By the end of Chloe Kim's first run down the halfpipe last night, it was clear that she had secured the gold medal. Kim landed an impressive string of tricks, including a backside air, frontside 1080, cab 720, frontside 900, McTwist, and a frontside 720, which put her in the lead, and gave her competitors a tough act to follow. Kim said she was happy to put down a solid first run, but it wasn't enough.
Technically, Kim had enough points to treat the last run as a "victory lap," and just mail it in. Instead she crushed it, completing the most technical trick in her bag: back-to-back 1080s. "I just knew I wasn't going to be happy, even if I went home with the gold, if I knew I could do better," Kim told NBC. "So that third run was really just to prove to myself that I deserved it and did everything I could."
Landing one frontside 1080 is hard, and completing consecutive 1080s is next to impossible — but it's also Kim's signature. A frontside 1080, or F1080, jump means that the snowboarder is rotating their body, so that their "front" faces down the mountain (or in this case the halfpipe). The second 1080 that Kim performed, a cab 1080, is just like a frontside, only the snowboarder rides with their "switch" or unnatural stance. And, as the degrees of rotation suggest, doing a 1080 means you turn around a full three times in the air.
At the 2016 Snowboarding Grand Prix, Kim became the first woman to land two 1080s in a row in a competition. At the time, she was just 16 years old, and the trick put her in the big leagues with older competitors.

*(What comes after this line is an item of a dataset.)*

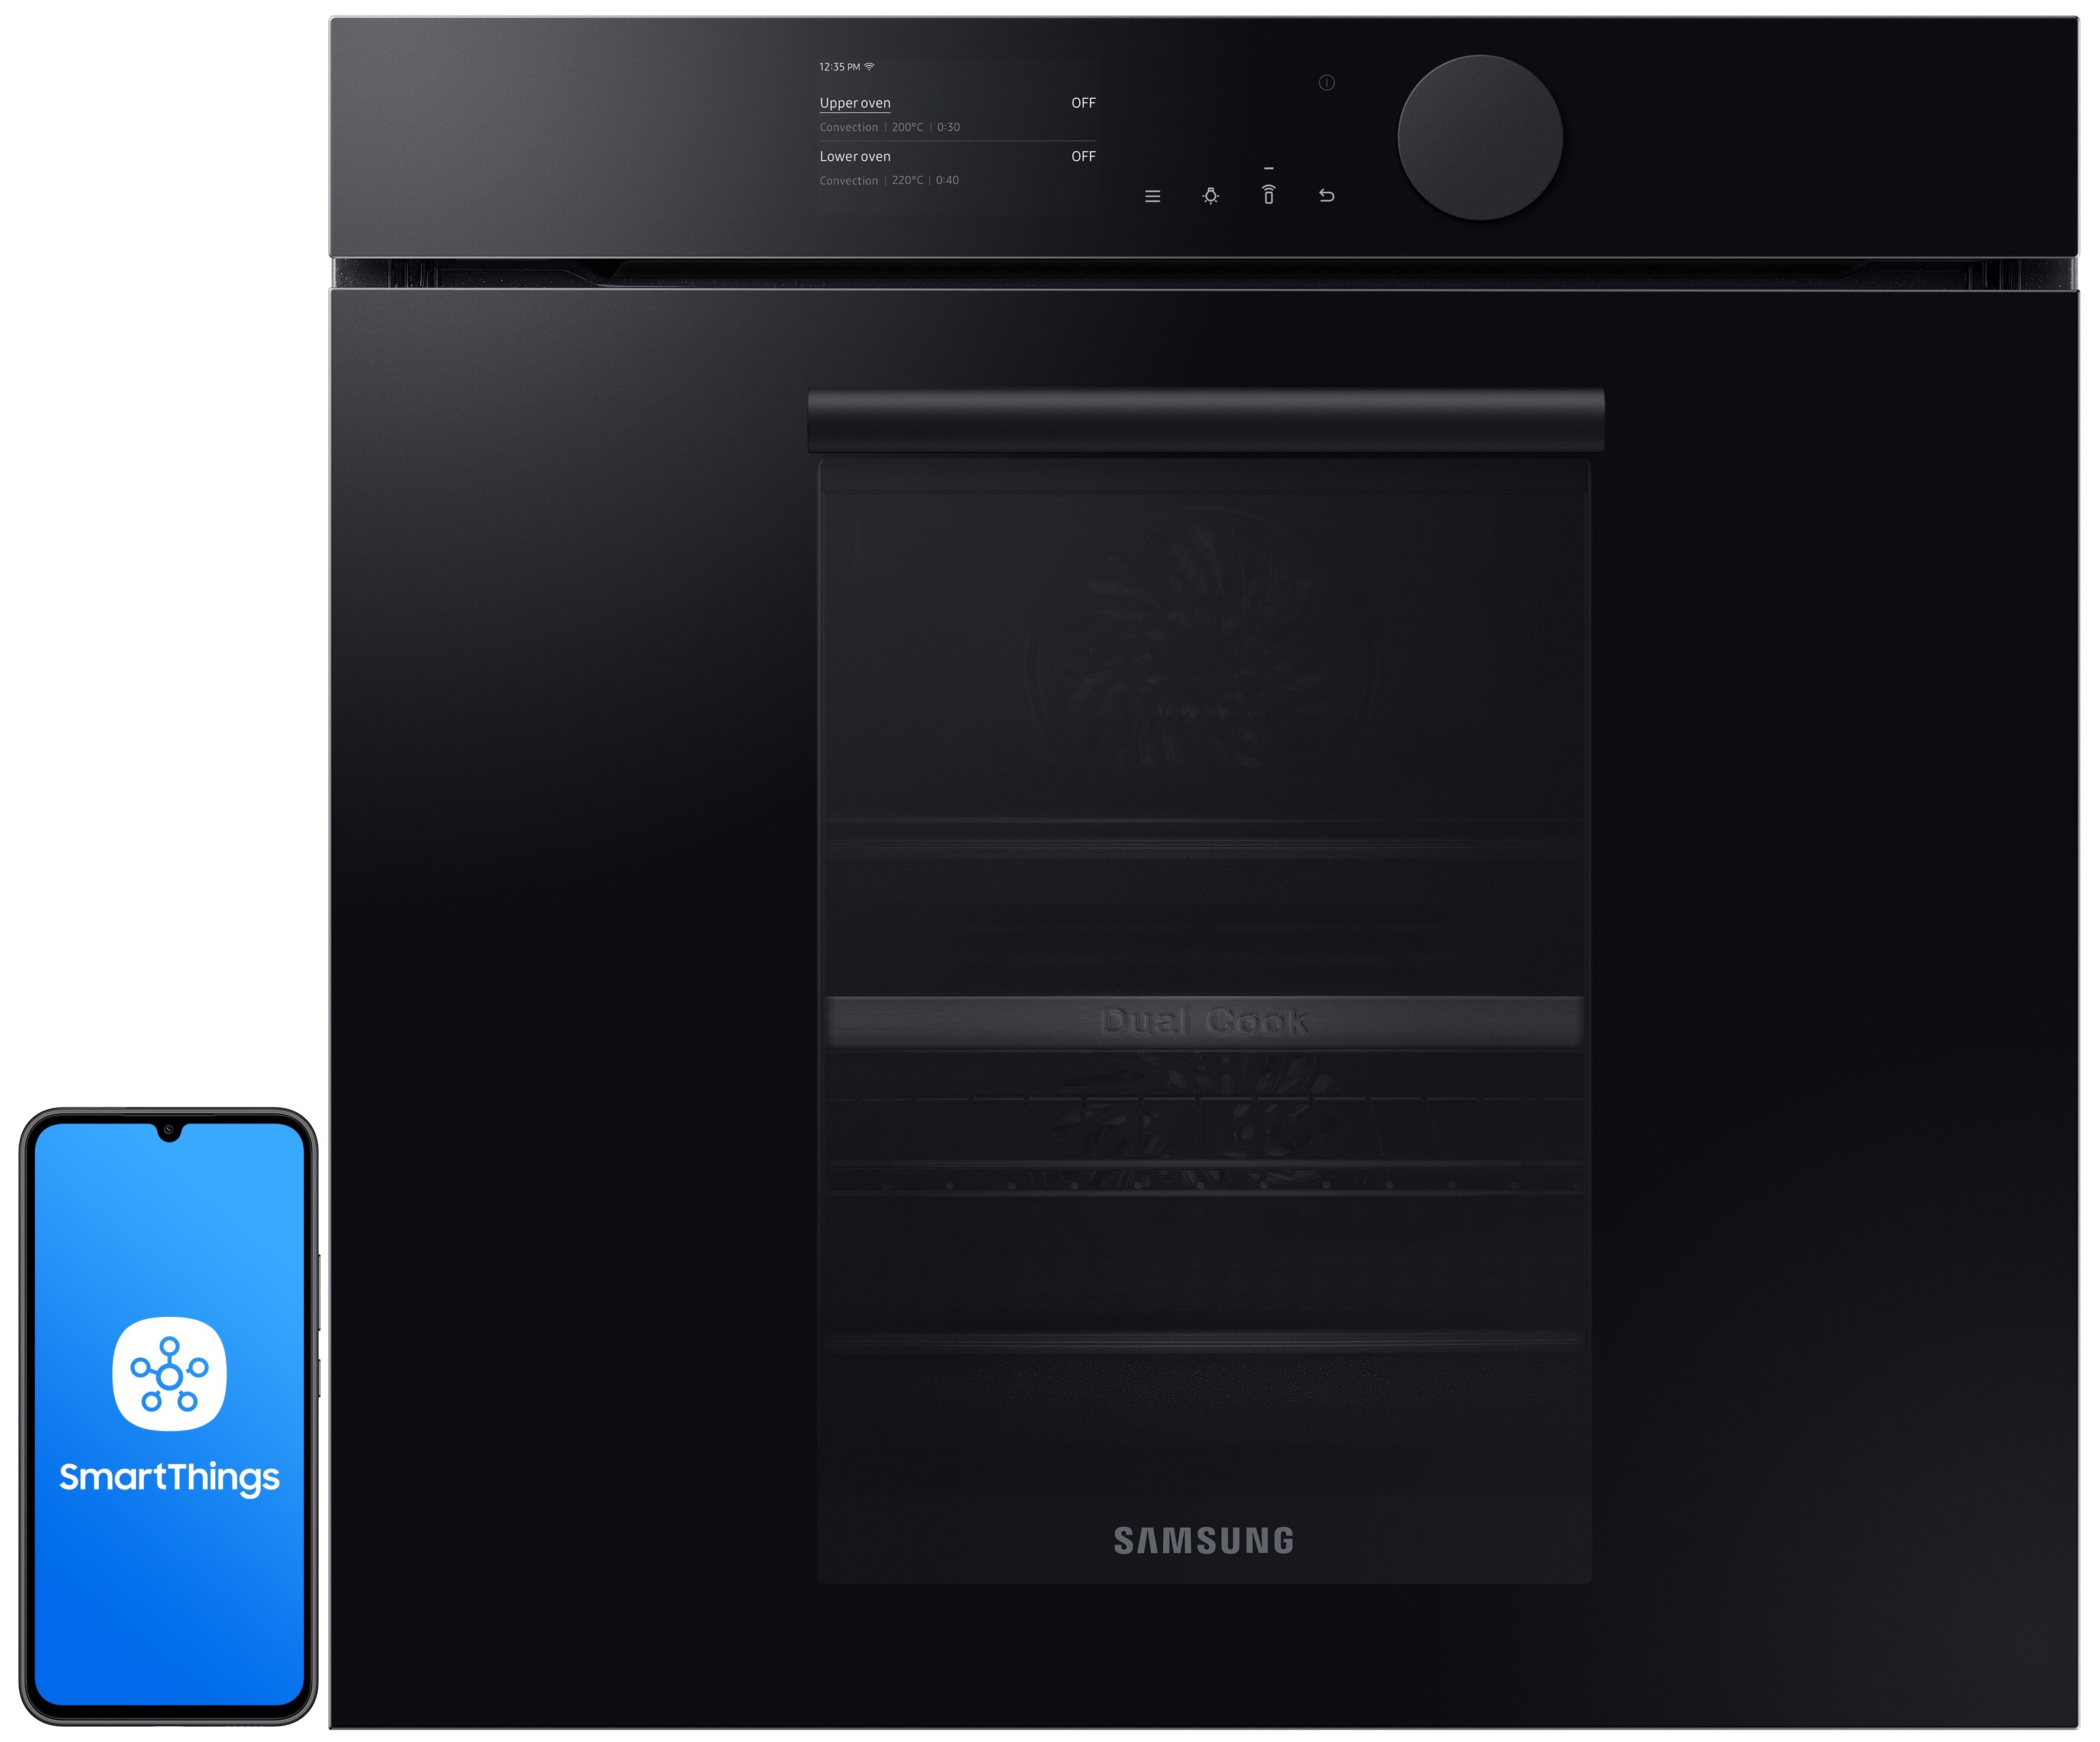 SAMSUNG NV75T8549RK EO Dual Cook Elektryczny Czarny A+ Piekarnik - niskie  ceny i opinie w Media Expert

For perspective: In 2011, Kelly Clark, a Team USA snowboarder, was the first woman to ever land a 1080 in a competition, and she's 17 years older than Kim.
Clark and Kim's success with the trick motivated other Team USA snowboarders, like Arielle Gold and Maddie Mastro, to try it, too. "That was just so much more motivation for me," Gold told the Denver Post last week. "That’s what you need to do to be able to do well in contests these days and get on the podium." Indeed, Gold landed a frontside 1080 on her final run last night, which earned her a bronze medal.
During the competition yesterday, the conditions were not ideal for spinning through the air, and Kim said she was nervous the intense wind would mess with her performance. "Wind is never really welcome to a halfpipe, it kind of jeopardizes everything, because you're not in control of what's about to happen," she told NBC. She also tweeted that she was getting hangry between her runs.
Despite the odds, Kim put in her headphones, turned on "MotorSport," by Migos, Cardi B, and Nicki Minaj, and showed the world what she's capable of. "As an athlete, you want to do the best you can to show the world what your best is, and this was the perfect platform to do that," she told NBC. She also added that the emotions have started to hit: "It hasn't really sunken in, I might start bawling my eyes out any second."